Justice : le Barreau reçu par le nouveau ministre



2026-01-16 10:52:00

l’occasion d’une audience tenue le 14 janvier 2026 à Libreville, le bâtonnier du Barreau du Gabon et les membres du Conseil de l’Ordre ont échangé avec le nouveau ministre de la Justice, Augustin Emane.



Une rencontre placée sous le signe du dialogue, au cours de laquelle les droits humains et le fonctionnement de la chaîne pénale ont été au cœur des discussions. 

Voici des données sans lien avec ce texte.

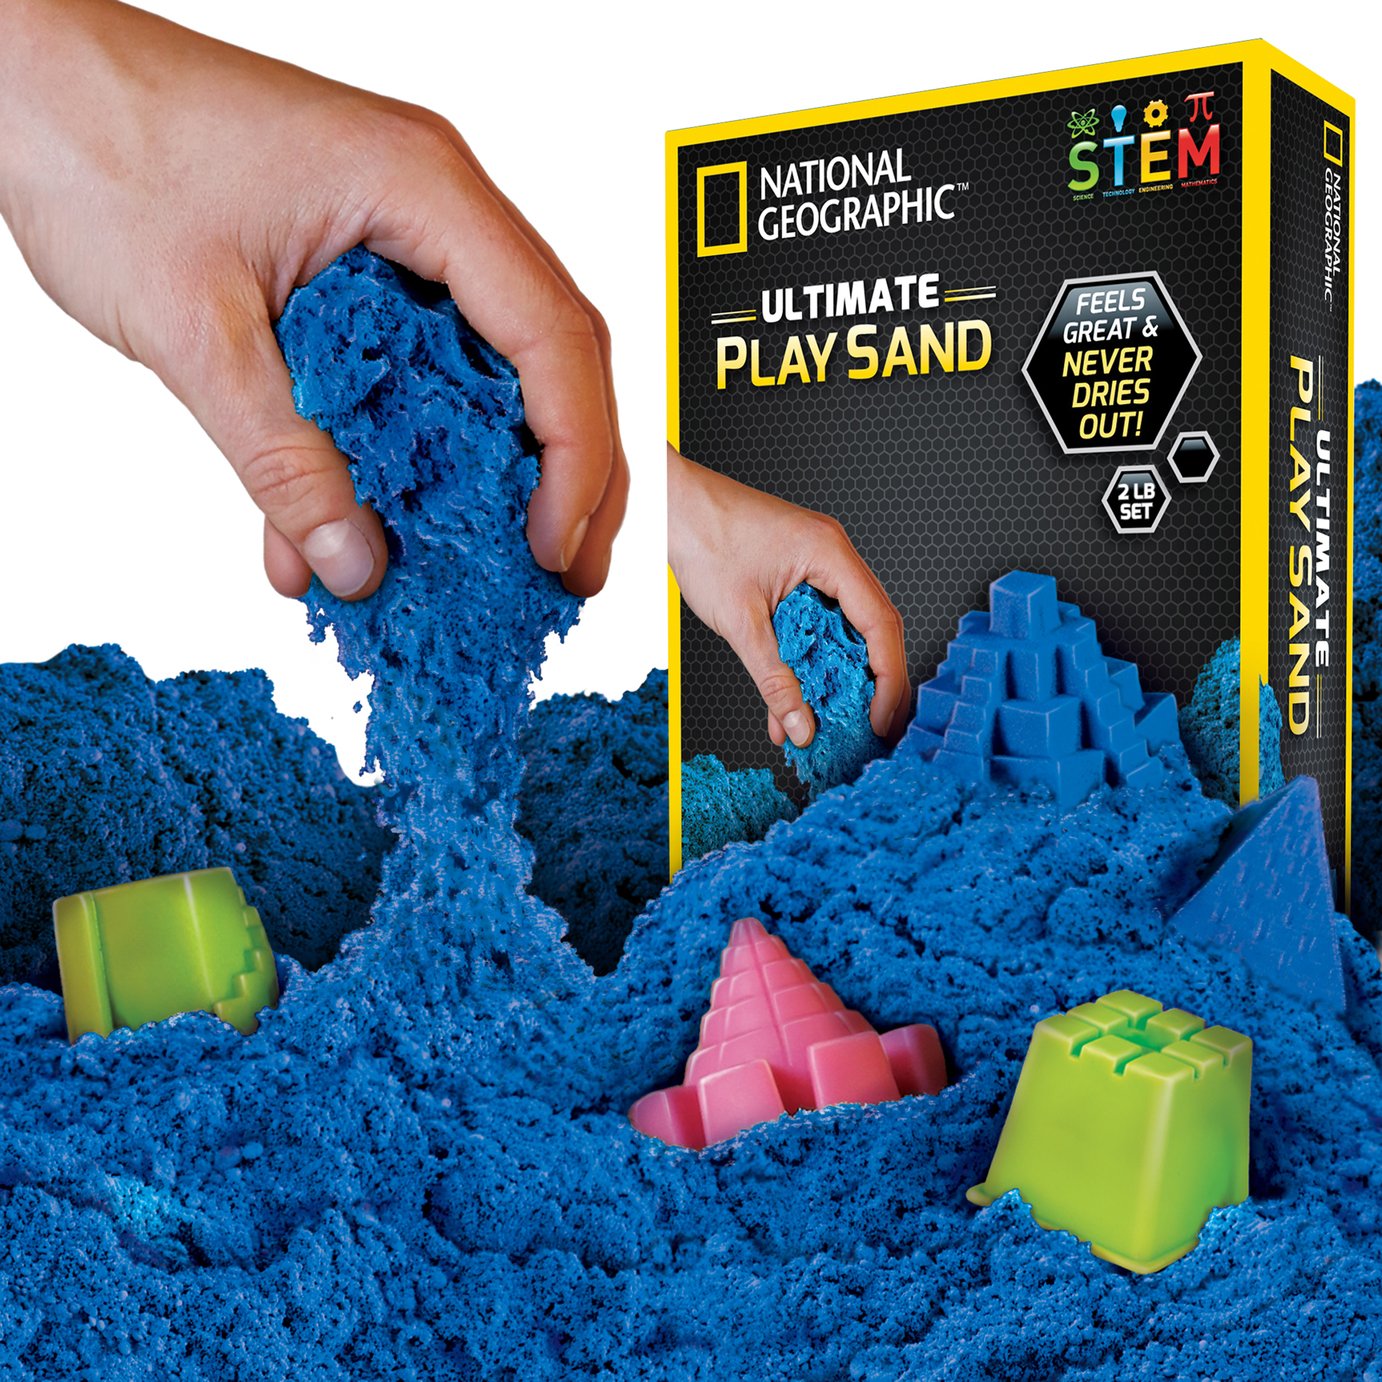 National Geographic Ultimate Play Sand Assortment Review

Le bâtonnier du Barreau du Gabon, accompagné des membres du Conseil de l’Ordre récemment élus, a été reçu ce mercredi 14 janvier 2026 par le nouveau ministre de la Justice, Garde des Sceaux, Chargé des Droits Humains, Augustin Emane. Cette première audience officielle marque une étape importante dans la volonté affichée des deux institutions de renforcer leur collaboration.

Placée sous le signe de l’ouverture et du dialogue, cette rencontre visait avant tout une prise de contact institutionnelle, mais également l’identification de priorités communes dans l’amélioration du système judiciaire gabonais. Les échanges ont ainsi porté sur plusieurs préoccupations majeures, jugées urgentes par le Barreau.

Au premier rang figure la question des droits humains, notamment les conditions de traitement des citoyens en garde à vue. Le Barreau a attiré l’attention du ministre sur les pratiques observées dans certains services, appelant à une application rigoureuse des textes en vigueur afin de garantir les libertés fondamentales et la dignité des personnes mises en cause.

Autre point central des discussions : la problématique de la détention préventive. Les avocats ont dénoncé les dépassements récurrents des délais légaux, entraînant des détentions prolongées sans jugement. À cela s’ajoute l’augmentation significative du nombre de mandats de dépôt, symptôme, selon le Barreau, de dysfonctionnements structurels au sein de la chaîne pénale.

Face à ces constats, le ministre de la Justice a exprimé sa volonté d’instaurer une collaboration étroite avec le Barreau afin de trouver des solutions durables. Il a souligné l’importance du rôle des avocats dans la consolidation de l’État de droit et la protection des droits humains.

Cette rencontre pourrait ainsi ouvrir la voie à des concertations régulières entre la Chancellerie et le Barreau, dans l’objectif d’améliorer l’efficacité de la justice et de restaurer la confiance des citoyens dans l’institution judiciaire.